To evaluate nuclear population structure, we used only the autosomal ddRAD-seq bi-allelic single nucleotide polymorphisms (SNPs). Prior to analyses, we used PLINK v. 0.70 (Purcell et al. 2007) to ensure that singletons (i.e., minimum allele frequency [maf] = 0.0038) and any SNP missing >5% of data across samples were excluded in each dataset. Additionally, we identified independent SNPs by conducting pair-wise linkage disequilibrium (LD) tests across ddRAD-seq autosomal SNPs (--indep-pairwise 2 1 0.5) in which 1 of 2 linked SNPs are randomly excluded if we obtained an LD correlation factor (r2) > 0.5. We conducted all analyses without a priori information on population or species identity.

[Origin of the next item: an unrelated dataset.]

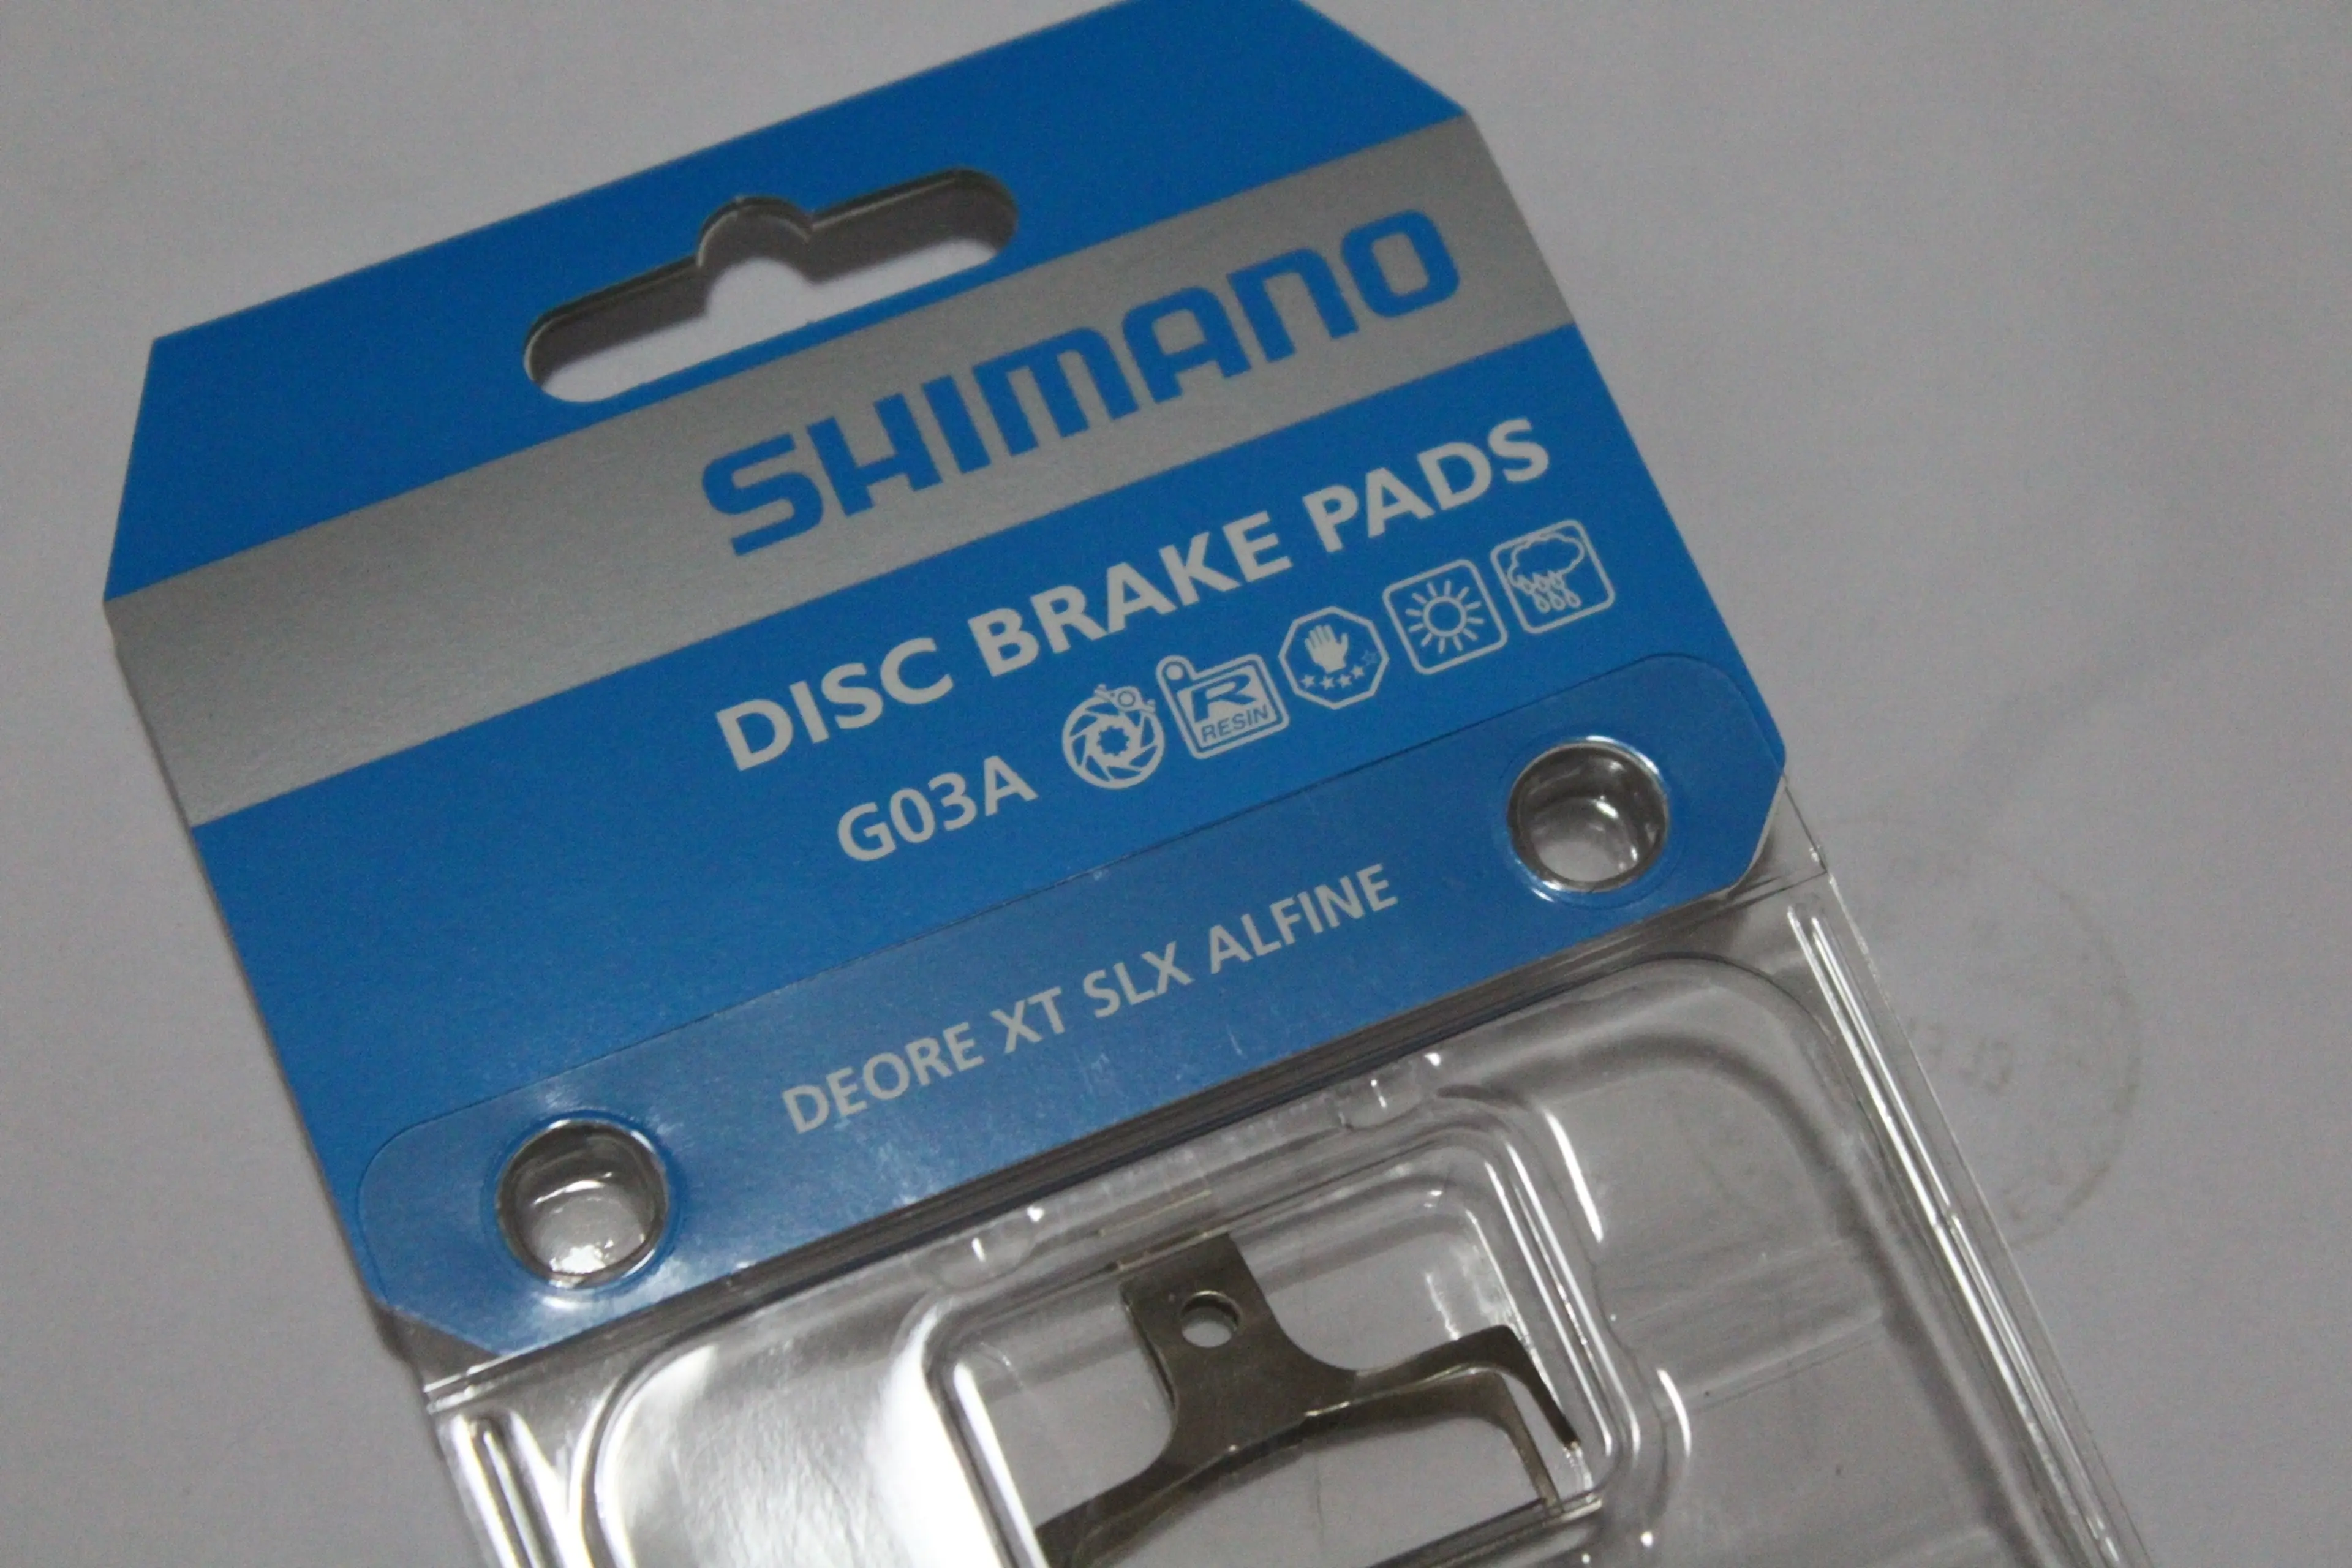 2. Shimano G03A aluminium Resin

First, we used the PCA function in PLINK to perform a principal component analysis (PCA). Next, we used ADMIXTURE version 1.3 (Alexander et al. 2009, Alexander and Lange 2011) to attain maximum likelihood estimates of population assignments for each individual, with datasets formatted for the ADMIXTURE analyses using PLINK and following steps outlined in Alexander et al. (2012). We ran each ADMIXTURE analysis with a 10-fold cross-validation, incorporating a quasi-Newton algorithm to accelerate convergence (Zhou et al. 2011). Each analysis used a block relaxation algorithm for point estimation and terminated once the change in the log-likelihood of the point estimations increased by <0.0001. We ran separate ADMIXTURE analyses that included all possible samples and another excluding Khaki Campbell mallards. Each analysis was run for K populations of 1 through 5, and with 100 iterations per each value of K. The optimum K in each analysis was based on the average of cross-validation errors across the iterations per K value; however, we examined additional values of K to test for further structural resolution across analyses. We used the R package PopHelper (Francis 2016) to convert ADMIXTURE outputs into CLUMPP input files at each K value, and to determine the robustness of assignments of individuals to populations at each K value with the program CLUMPP version 1.1 (Jakobsson and Rosenberg 2007). In CLUMPP, we employed the Large Greedy algorithm and 1,000 random permutations. Final admixture proportions for each K value and per sample assignment probabilities (Q estimates; the log-likelihood of group assignment) were based on CLUMPP analyses of all 100 replicates per K value. In addition to the above replicates, standard deviations were calculated under the optimum K population value based on 1,000 bootstraps as implemented in the ADMIXTURE program. Doing so permitted us to evaluate how sensitive our assignment probabilities were given our SNP dataset.